I contest this, and want to present a comparison of Luke Skywalker in the very first Star Wars movie to Rey of Star Wars 7 as proof.
- Luke started out as a sheltered farm boy, his uncle trying to keep him from all notions of adventure and struggle, hoping to make him want to stay on the farm forever.
- Rey started out scavenging for a subsistence living. She had to defend herself, she had to make her own living space, and she had to deal with a rough crowd. She protested at what little she got for the stuff she brought in, but she had no ability to negotiate, and her feeble attempt was easily rebuffed.
- When Luke found out that he was Force-sensitive and that the only parental figures he'd ever known were murdered and his home destroyed, he took a moment in grief and sadness and then chose to go with Kenobi and learn to be a Jedi.
- When Rey found out that she was Force-sensitive and was confronted with the knowledge that her family would never come back for her, she burst into tears and ran away.
- Luke got given a one-handed blaster - granted, we know he already knew how to use some sort of two-handed desert rifle thingy. He immediately got a near-perfect hit score with it from the start, and picked off stormtroopers and other targets with ease. He had no experience with a lightsaber or anything like it, yet he was passable with it from the start and, upon one iteration of Obi-Wan telling him to 'stretch out with his feelings', was able to pull a complex move out of nothingness (the Force) and could 'almost see the remote' despite fighting blind. He also picked up the Falcon ship guns remarkably quickly.

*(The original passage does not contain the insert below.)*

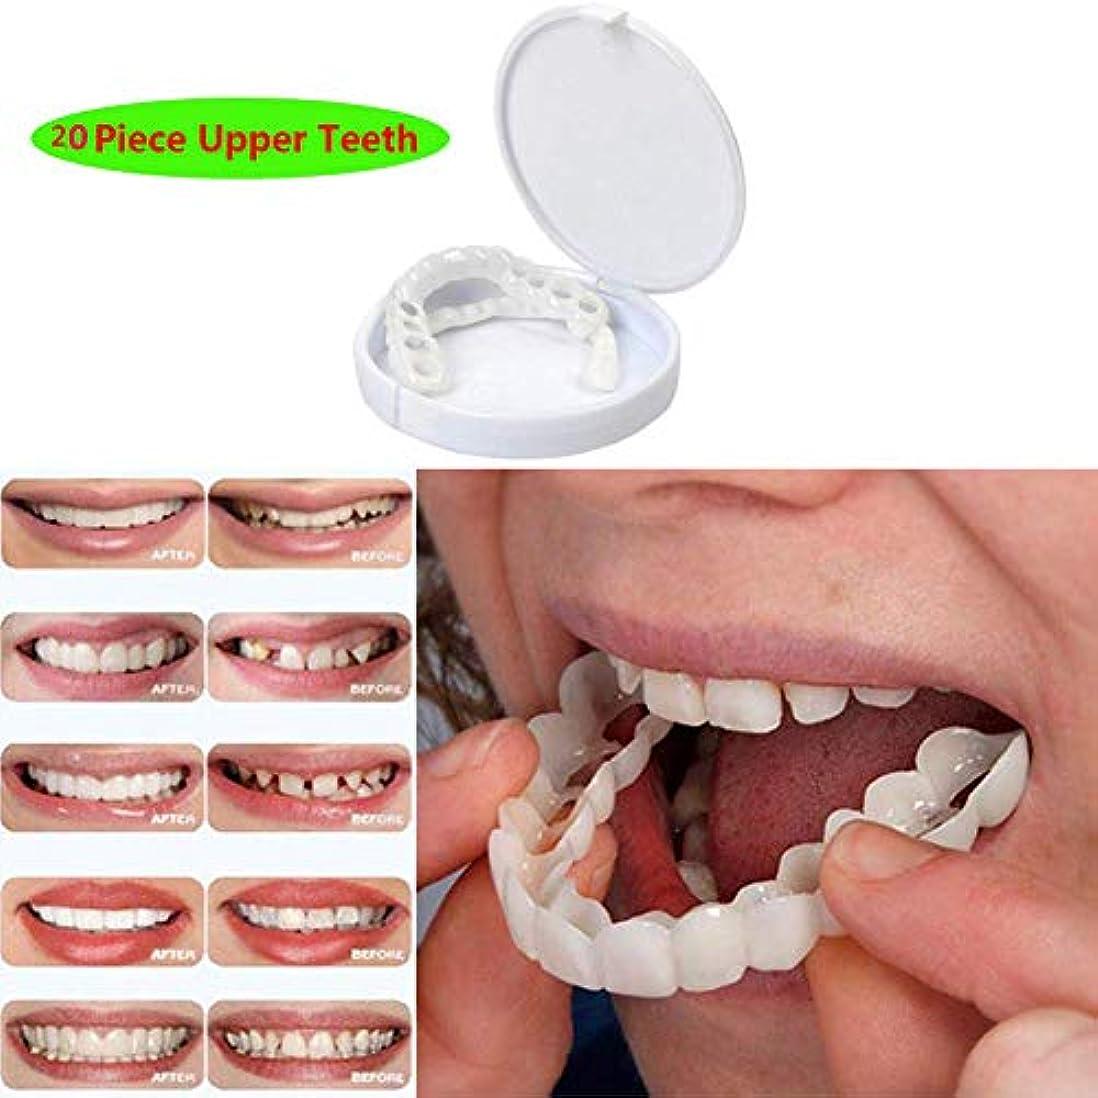 賞賛する悪化させるゆるく20Pcs一時的な化粧品の歯の義歯の化粧品は白くなることを模倣した上括弧を模倣しました

- Rey got given a blaster, had to be taught how to use it, forgot to take the safety off when she first tried, her first shots were laughably bad, and it took her several encounters of fighting for her life before she started managing some sort of accuracy with the thing. When she got the lightsaber, she tried to use it like a spear/staff, and was finally able to pull a complex move out of nothingness (the Force) when upon the very point of death. She managed, *barely*, to temporarily take down an already doubly-wounded foe once before they were separated by explodium.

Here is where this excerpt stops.